From Judge Paul Engelmayer’s order on Thursday JG v. NY City Dep’t of Ed. (SDNY), which decides the attorney’s fees to be awarded under the Individuals with Disabilities Education Act:
Law firm Cuddy also claims that the requested hourly rates are supported by feedback received from the artificial intelligence tool “ChatGPT-4”.
In fairness, Cuddy Law Firm does not predominantly rely on ChatGPT-4 in supporting these billing rates. Instead, it presents ChatGPT-4 as a “cross-check” to support the problematic sources above. The Court therefore does not need to dwell at length on this point.
Suffice it to say, law firm Cuddy’s invocation of ChatGPT as an aid to its aggressive commission offering is wholly and uncharacteristically unconvincing. As the firm should have understood, viewing ChatGPT’s findings as a useful indicator of the reasonable billing rate for the work of a lawyer with a particular background performing a bespoke assignment for a client in a niche practice area is was wrong at the time.
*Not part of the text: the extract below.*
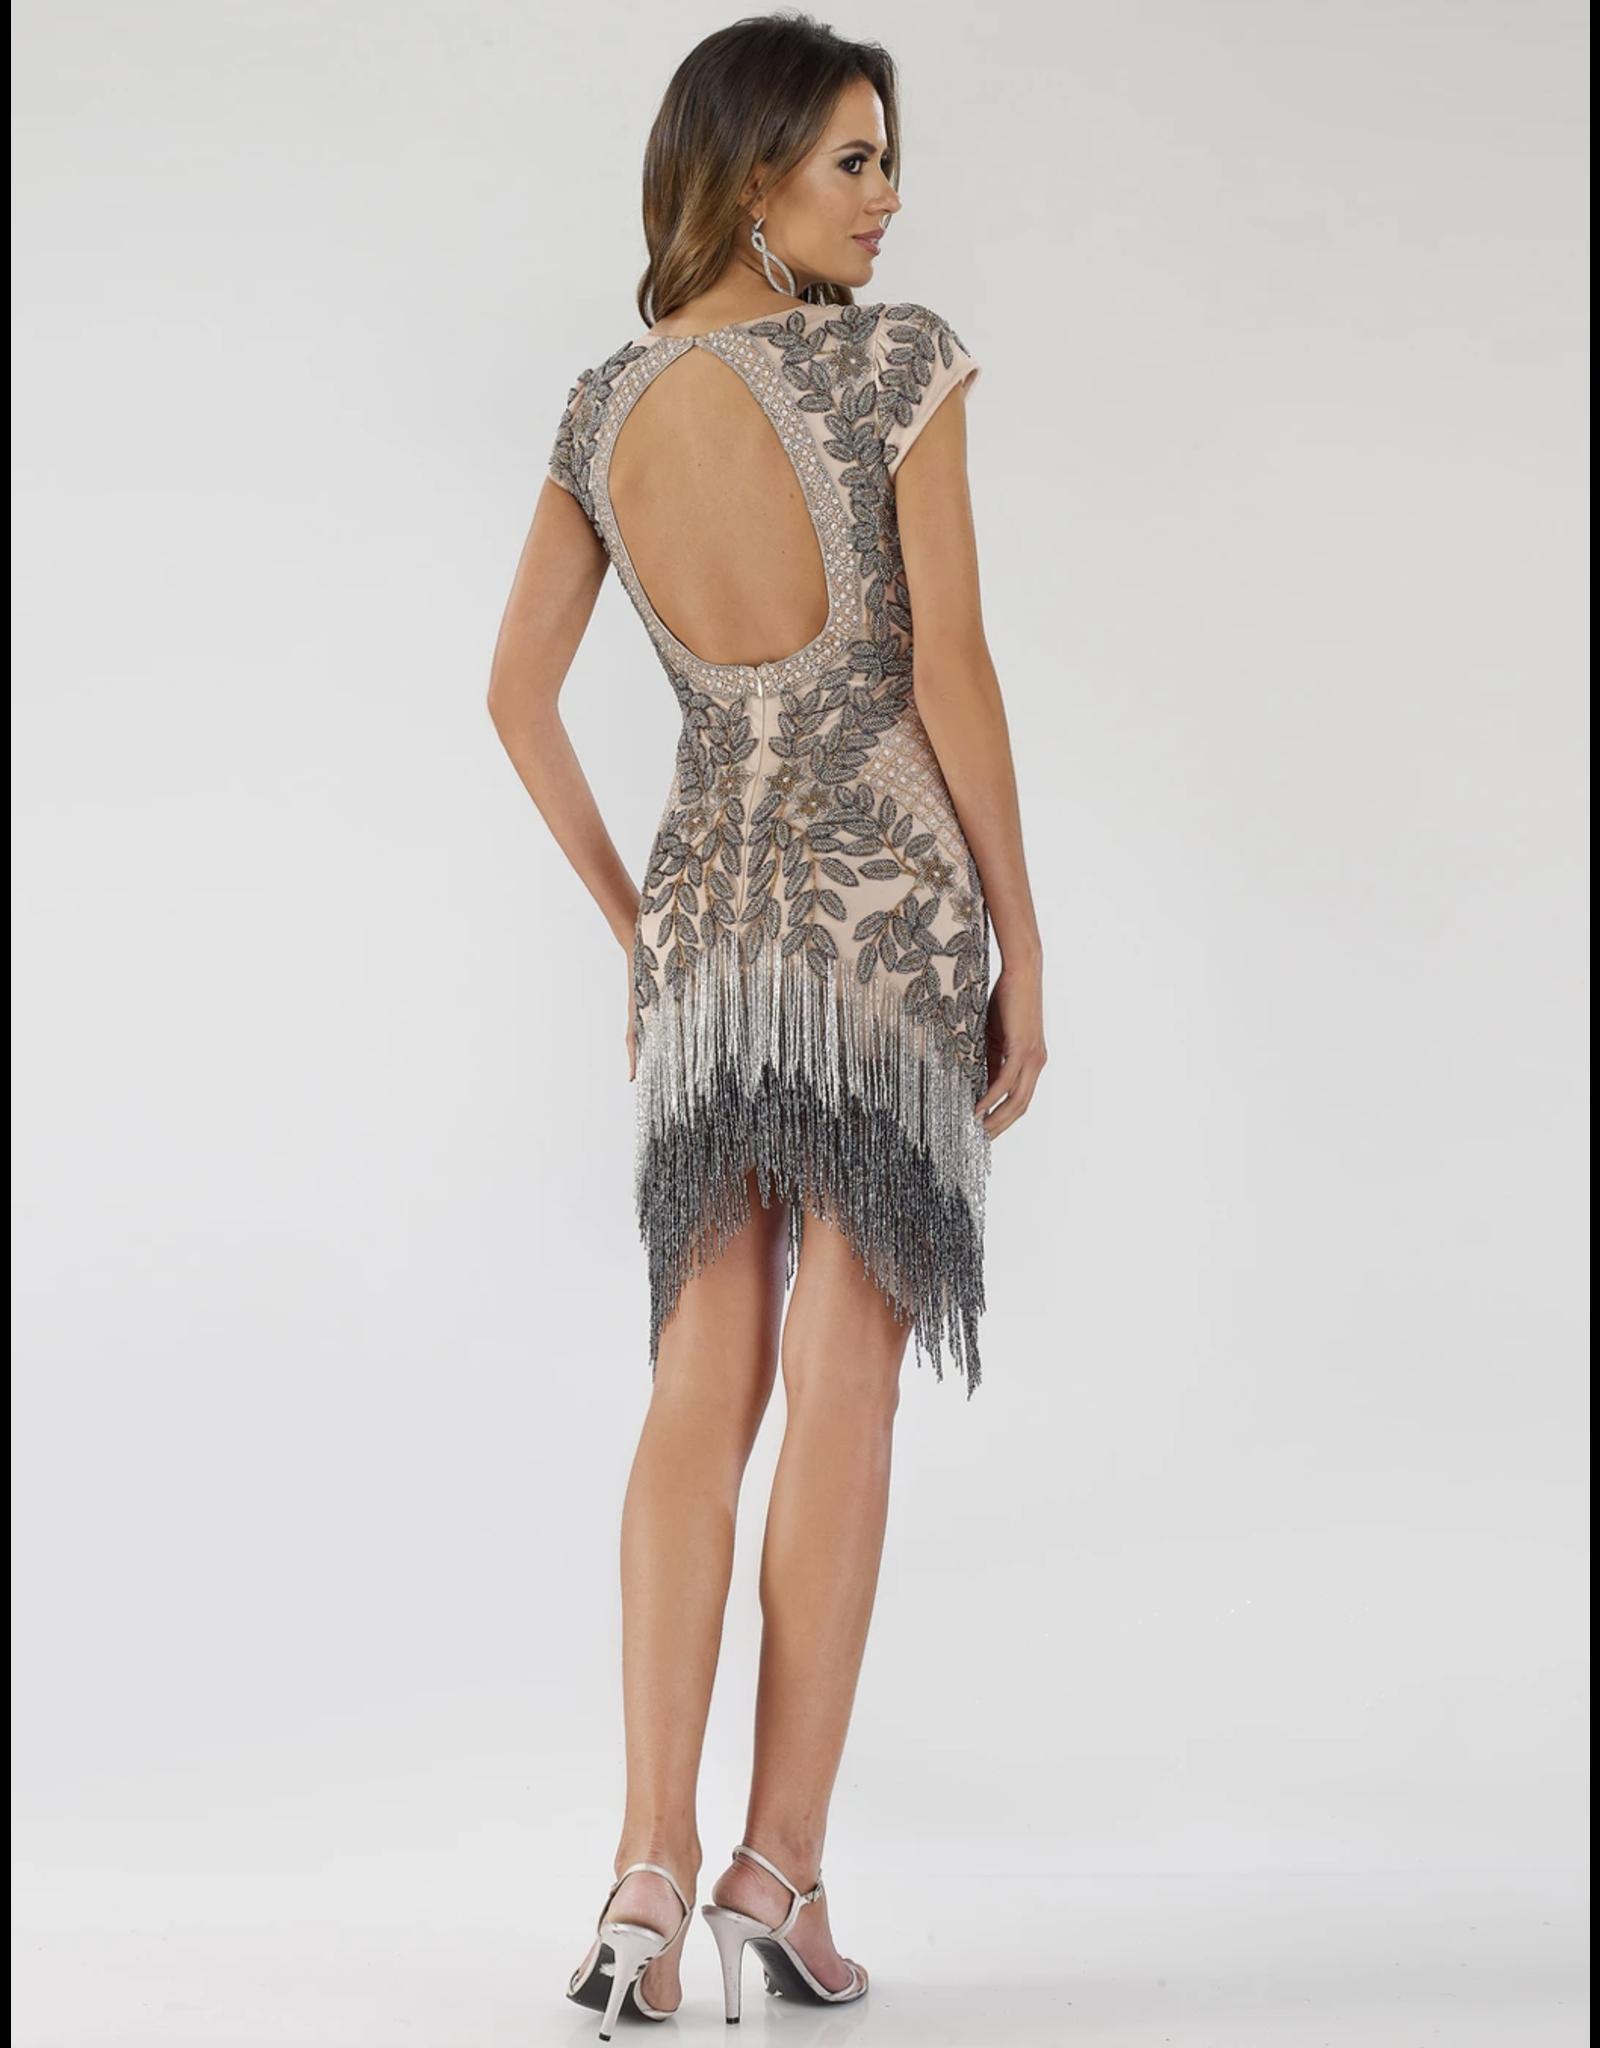 Lara 29609 Lara Dresses

In two recent cases, Second Circuit courts have rebuked the attorney for relying on ChatGPT, where ChatGPT has been shown to be unable to distinguish between real and fictitious case citations. In Mata v. Avianca, Inc., Judge Castel sanctioned lawyers who “shirked their responsibilities when they submitted non-existent judicial opinions with false citations and citations created by the artificial intelligence tool ChatGPT.” It’s inside Park vs. Kimthe Second Circuit referred an attorney to the Circuit Grievance Committee for further investigation after finding that his brief relied on “nonexistent authority” generated by ChatGPT.
By arguing here that ChatGPT supports payment of the fee it solicits, the Cuddy Law Firm does not identify the inputs on which ChatGPT relied. He does not reveal whether any of these were equally imaginary. It does not disclose whether ChatGPT has considered a very real and relevant data point somewhere: the uniform block of precedents, reviewed below, in which courts in this district and circuit have rejected as excessive the billing rates that the Cuddy law firm is urging for his timekeepers.
The Court therefore rejects out of hand ChatGPT’s findings regarding appropriate billing rates in this case. Barring a paradigm shift in the reliability of this tool, the Cuddy law firm would be wise to remove references to ChatGPT from future payment requests.